Stay with me here, I promise it’s relevant.

You see, the violet sea snail survives by floating around the ocean. Snails don’t float so, this smarty pants mollusk constructs a raft. The snail blows a bunch of bubbles, scoops them all up in one divine collection, and forms a raft. If it loses its raft it risks sinking and dying. It is quite literally a life raft.

Those who know me personally or have followed the path of my career for a while know that I wasn’t always doing the work I’m doing today. My entrepreneurial journey started out in the world of wedding photography, and for a decade that’s what I did. I recently decided to make the ultra tough decision to walk away from that business. You can read my farewell letter here.

The decision to walk away from something that had been such a massive part of my life was tricky not because I couldn’t decide if it was the right thing to do. On the contrary, I felt a strong sense of peace about the decision, and it actually felt good to be able turn away leads and send these brides and grooms over to some of my amazingly talented photographer friends. The choice was hard because it felt like I was leaving an important piece of myself behind.

I feared that without the seasonally steady stream of couples coming through my door on their journey toward wedded bliss, that photography, something I am so greatly passionate about, would disappear from my radar. Without my wedding clientele, I’d have no excuse to keep going, and no real reason to grant myself the title, “Photographer” anymore.

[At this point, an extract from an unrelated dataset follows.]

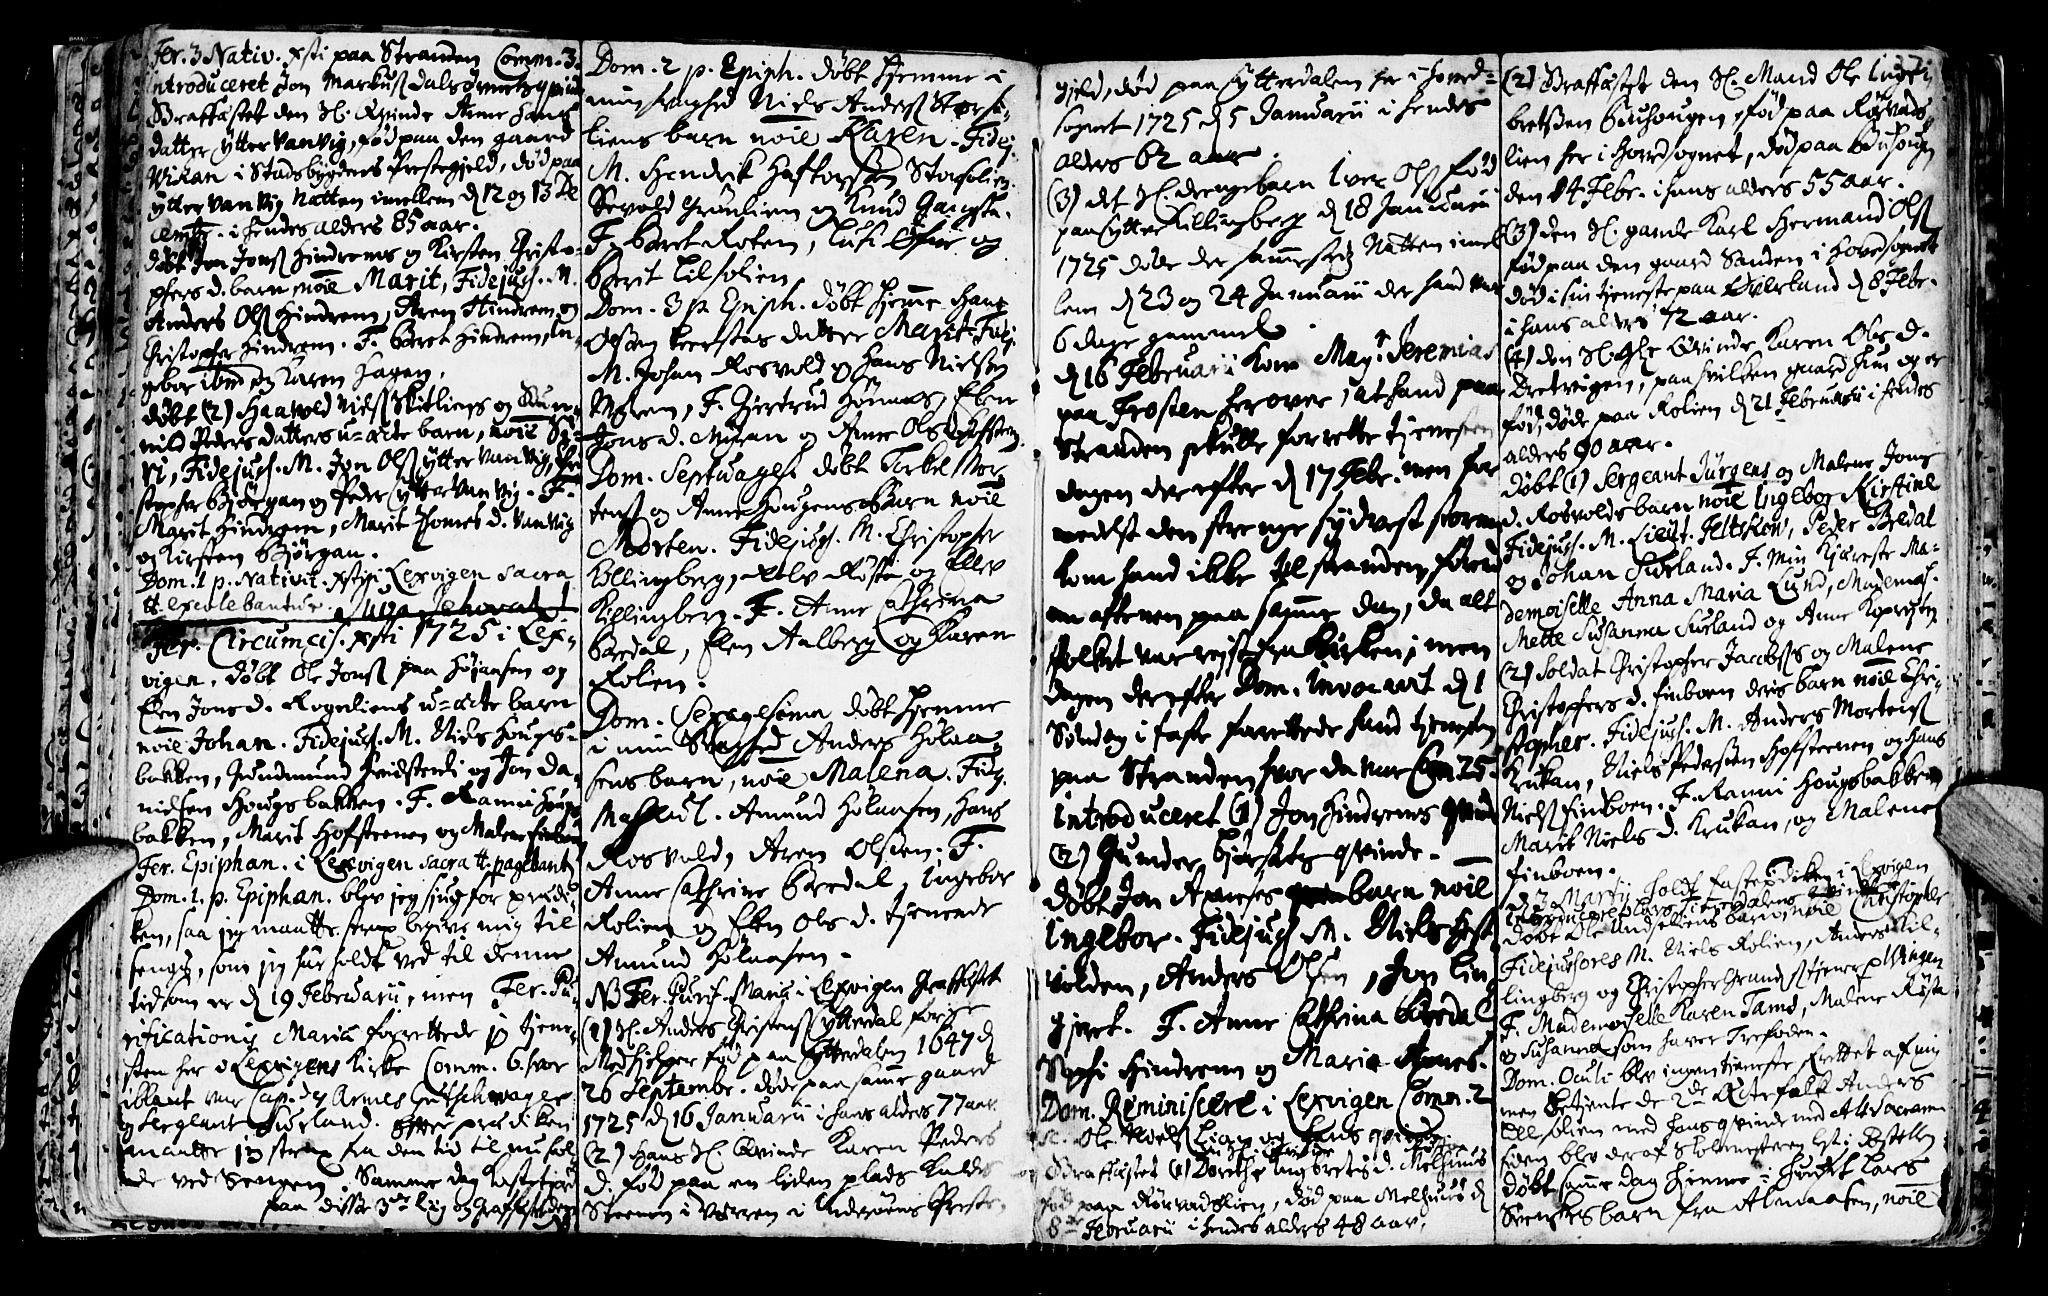 SAT, Ministerialprotokoller, klokkerbøker og fødselsregistre - Nord-Trøndelag, 701/L0001: Ministerialbok nr. 701A01, 1717-1731, s. 27
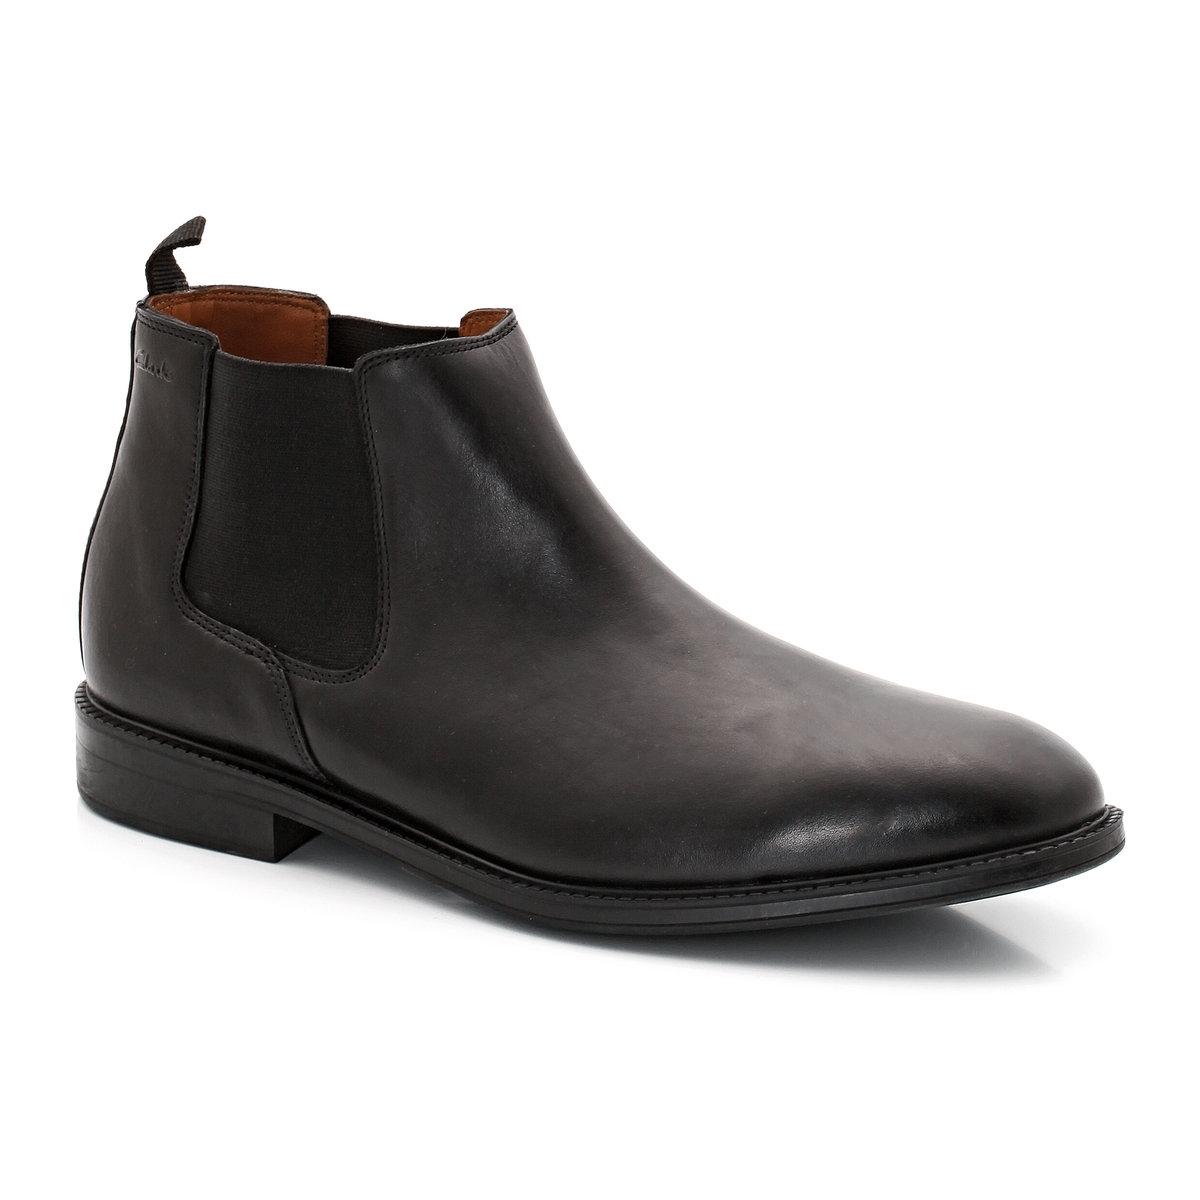 Ботинки кожаные Chilver TopДетали  •  Высота голенища : 15 см для размера 37 •  Высота каблука : 3 см •  Застежка : без застежки •  Круглый мысокСостав и уход   •  Верх 100% яловичная кожа •  Стелька 100% кожа •  Подошва 100% каучук<br><br>Цвет: черный

I spent a lot of time reflecting before I made a formal and public proclamation of where things are headed for me and my biz, and what I found in that thought process reminded me of a John Steinbeck quote I heard: “Nothing good gets away.”

It’s true right? When it comes to life and our experiences and who we are, we pack up and take each phase before with us onto the next thing. We never truly say goodbye to anything fully. Once it’s there pressed upon our hearts, little pieces of it will always be there, and we can decide how much of it we want to keep carrying with us depending on how heavy we decide it feels. Heartache and anxiety? Bleh, maybe leave that one on the curb. Nostalgia and wisdom? I’ve got room for those, I’ll bring them with me.

Photography is a big part of my life raft. It calms me when stressed, provides a creative outlet like nothing I’ve ever experienced, and provides a warm sense of connection to people that design simply never will for me.

So that’s why this site is here. To remind me that I can be more than one thing at a time. That if something keeps me floating, it’s worth keeping around. That I don’t need to worry so much about titles and having a perfectly organized personal brand. That I have permission to be whoever I need to be today.

If this is your first time here, welcome to my life raft; my personal hodge dodge of bubbles collected on my way. I hope you’ll stick around and ride out the tide with me.